The author is a life coach from San Francisco and that shines through. If you want to stay in the hustle culture and you live a life of relative privilege, this might give you a few helpful tips. I’m not even sure about that though, as it’s mostly personal memoir and cheerleading, with lots of anagrams and Oprah quotes.

I read a temporary digital loan of this book for review.
246 reviews
December 12, 2024
In Simple Living, O'Dea focuses on the benefits of taking life at a slower pace and then gives suggestions for ways to set up a life that lets us get to that point. One of the strongest things about this book is that O'Dea addresses the issue by focusing on what changes you can make to the structure of your life in order to feel like you are Slow Living. In comparison to other books on the topic, it is much more actionable as opposed to focused fully on changing your seeing the world. She posits that there is some planning and organizing of our life structure that lays a ground work for life to run in a more simple fashion, allowing us to then appreciate a slower pace and some of the smaller things we are thankful for.
194 reviews
October 21, 2024
This guide to Simple Living is easy to read and full of actionable suggestions. It helps us take stock of our lives, our choices and enables us to move to a slower pace of life, enabling us to concentrate on what matters most to each one of us. Humans were not designed and built for the constant grind of modern life, We push our selves at work, come home to work on a side hustle and have no time for ourselves or our families. Let’s stop believing that we can have it all, do. It all and still thrive. Slow living is what we all need more of. It will just look different to each one of us.
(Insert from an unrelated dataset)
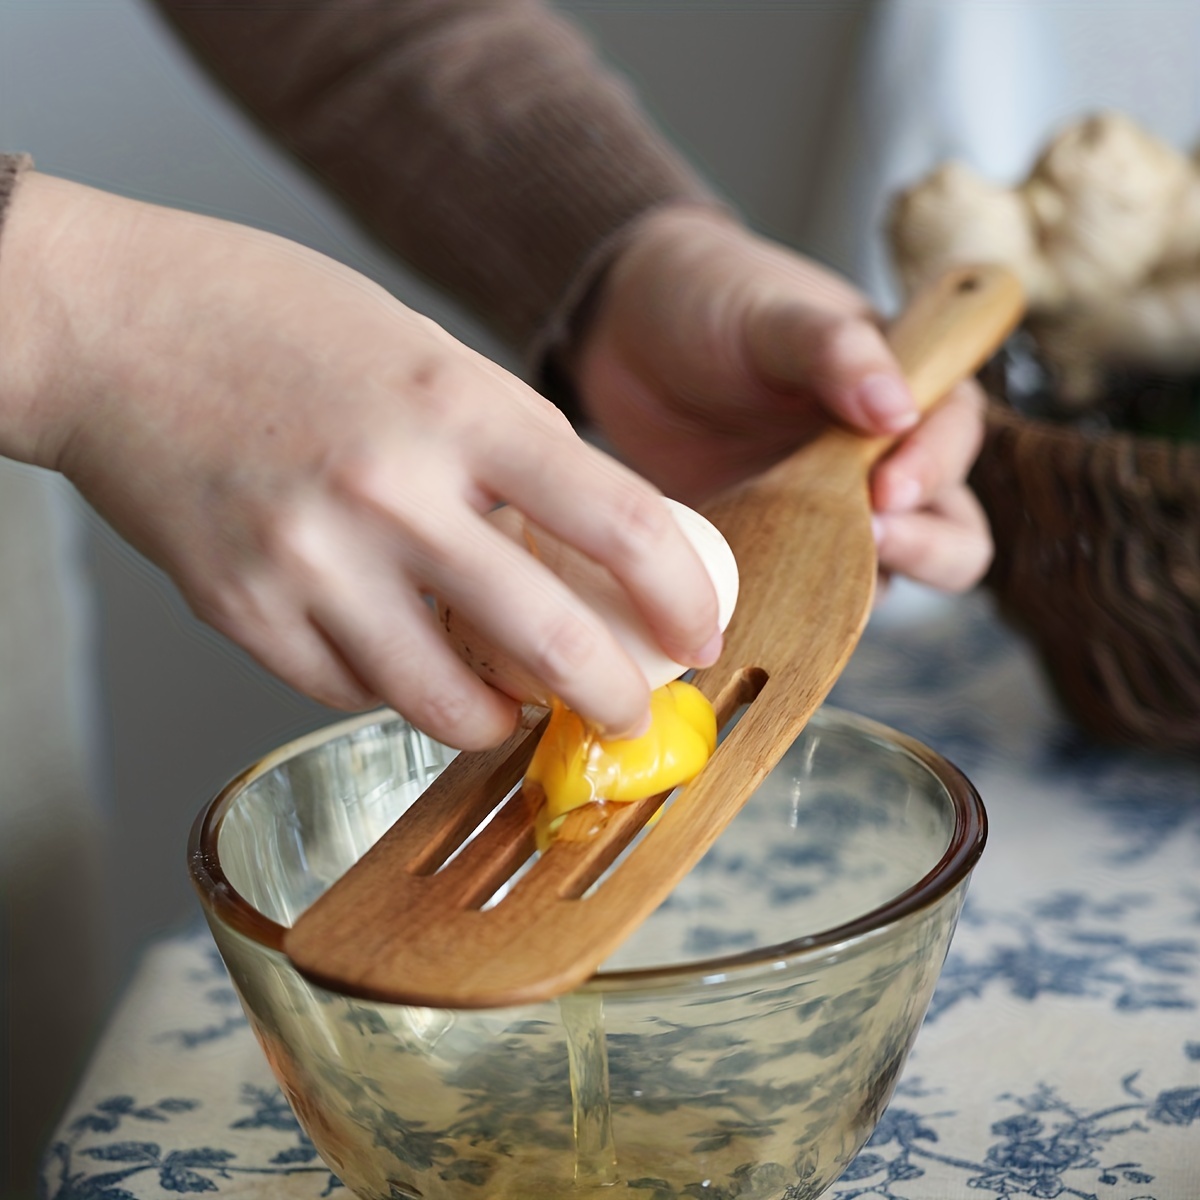  KITEISCAT Cucharas de madera de acacia para cocinar: juego de  utensilios de cocina y cocina de 5 piezas - espátula de madera, cuchara  ranurada y para pasta - Juego de utensilios

Profile Image for Heather.
35 reviews
February 8, 2025
A goal I have for my life. Great information. Solid tools and steps to take. Easy to read. This book will help you indeed slow down and also remember what things really matter in life. I like the idea of having a foundation in place with certain elements - time management, finances, health. Without these things, it truly is difficult to have the space for much else. I also love the acronyms that help remember the tools. I have been talking about this book all the way through reading it and will continue to recommend it.
Profile Image for K-Rae.
14 reviews
June 5, 2025
Stephanie truly writes from the heart. I started listening to her podcast and eventually bought the book because I liked what I heard. Having the podcast to reference about the specifics of her ideas is honestly a game changer. Any day I'm struggling I turn on an episode about resilience or discipline and I can turn it around.

I hear what other people are saying about not seeing the slow in it but how can you ever feel at peace if the other parts of your life are in chaos? It's Self Help, she can't do it for you, no one can.
Profile Image for Helen.
260 reviews
September 27, 2024
I like this book. It’s concise, makes sense and gives you actionable pointers. I found that it was relevant to what I needed and was a good start to making life more fulfilled but at a more sensible pace.
43 reviews
December 7, 2024
One of the better shot help books I've read. I have a difficile time reading self help books but this one didn't make me want to dnf.